In 2022 Greece will commemorate the unfortunate end of the Greco-Turkish War of 1919-22. What kind of reflection would you, as a historian, like to see then, given that the commemorated event will be one of loss, not victory?

When there are too many of them, commemorations risk losing their impact. But the “katastrofi” was obviously a fundamental moment in the emergence of the modern Greek state. One might almost say it was only then, a century on, that the revolution of 1821 really ended. The human suffering was immense and no less important the challenge the refugee crisis posed for the state. Society in northern Greece in particular would have developed in very different ways without this enormous movement of populations. And two other longer-term consequences of these events strike me. One, that it transformed the relationship between Greeks and Turks – simultaneously breaking old ties, as Muslims departed from Greece and Orthodox Christians from Anatolia and the Black Sea; and intensifying them, as Greece received a new influx of populations who had lived for centuries with Muslim neighbors and who often spoke Turkish as well as if not better than Greek. The second is that the “katastrofi” heralded a new relationship between the nation and territory. The old ideal had been to grab as much territory as possible, as if land itself was the prize; today we live in a very different world, one that perhaps began in that moment.
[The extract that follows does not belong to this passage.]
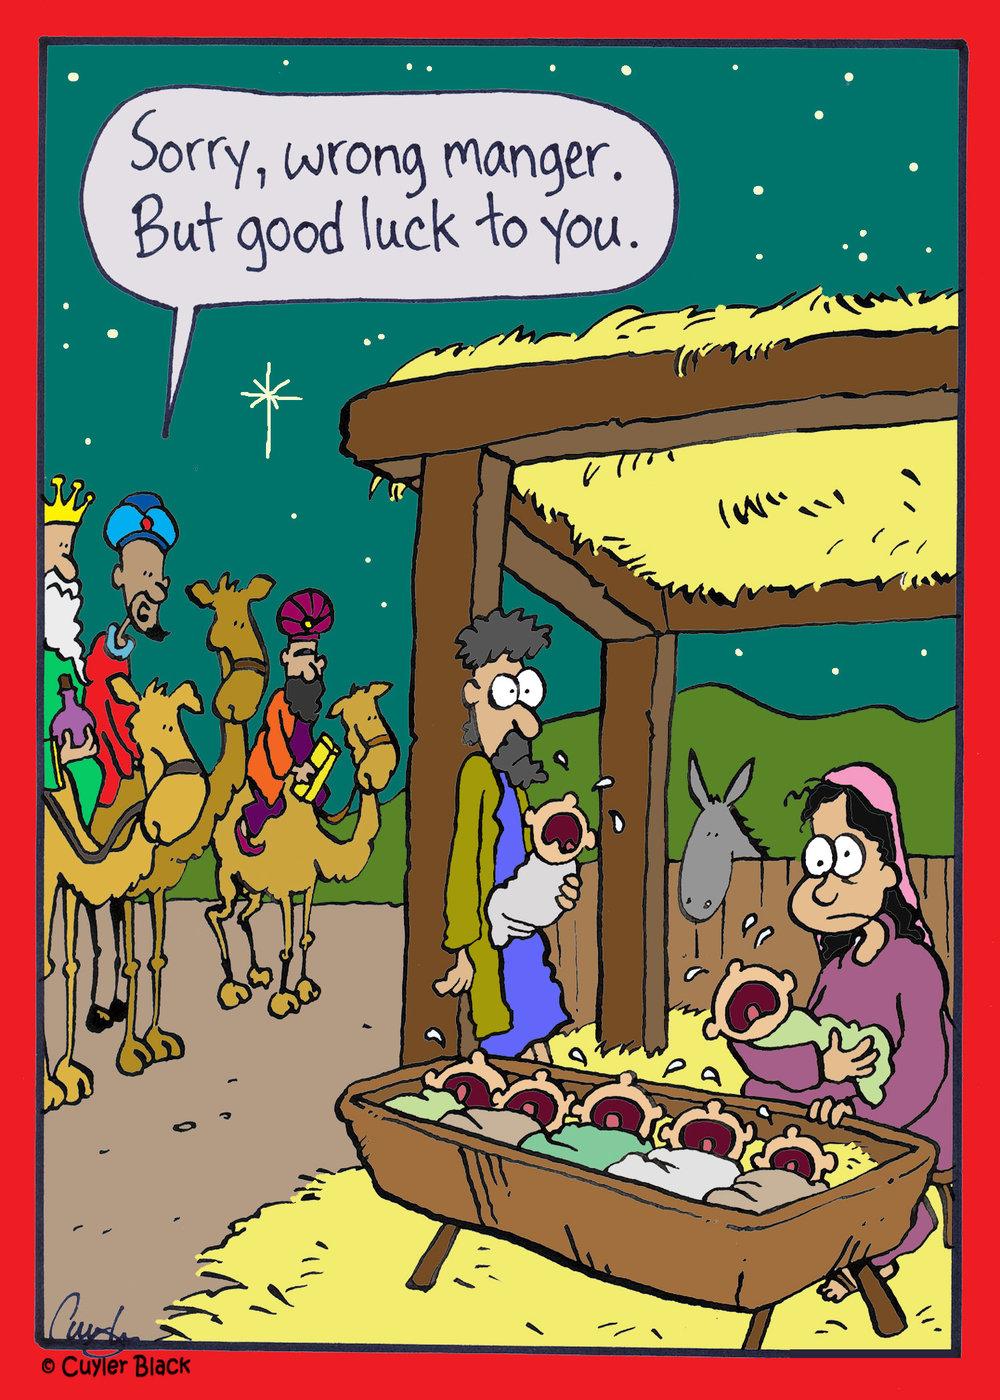 wrong manger.jpg

From David Harvey to Craig Calhoun, the opinions about the role of nation-states in the 21st century vary a lot. According to you, which is the role, the meaning of those “imagined communities” (and their celebrations) in a globalized world where people, money, products and information are constantly flowing across borders?

I think what is striking is how powerful national-states remain today. They embody senses of political community that are not easily dispelled, perhaps because they have been associated with ever-widening political and economic social participation. Globalization presents a huge challenge to them. Yet 19th century political thinkers understood something that often escapes us today, namely that national politics and international cooperation are not opposites but complementary. Small countries, at the mercy of larger ones, know this by experience. But in the face of global warming, even large countries are small ones now.

What about the pandemic? Should we expect that it will strengthen cosmopolitan views (based on the realization of our species’ vulnerability) or that it will make us more introvert, nationally speaking? Can public health (as a policy but also as an objective, as a collective goal or even a concept) play a role toward more inclusive societies?

I lived through the pandemic in Manhattan and saw moments of enormous social solidarity at the same time as people tried to isolate themselves and ignore those around them. With time, the latter realized this was not possible. Thus what I saw was the pandemic reinforcing notions of the public good and social solidarity that had been on the retreat for many years. I hope this will continue. But when crises end, these are often the lessons that are most quickly forgotten.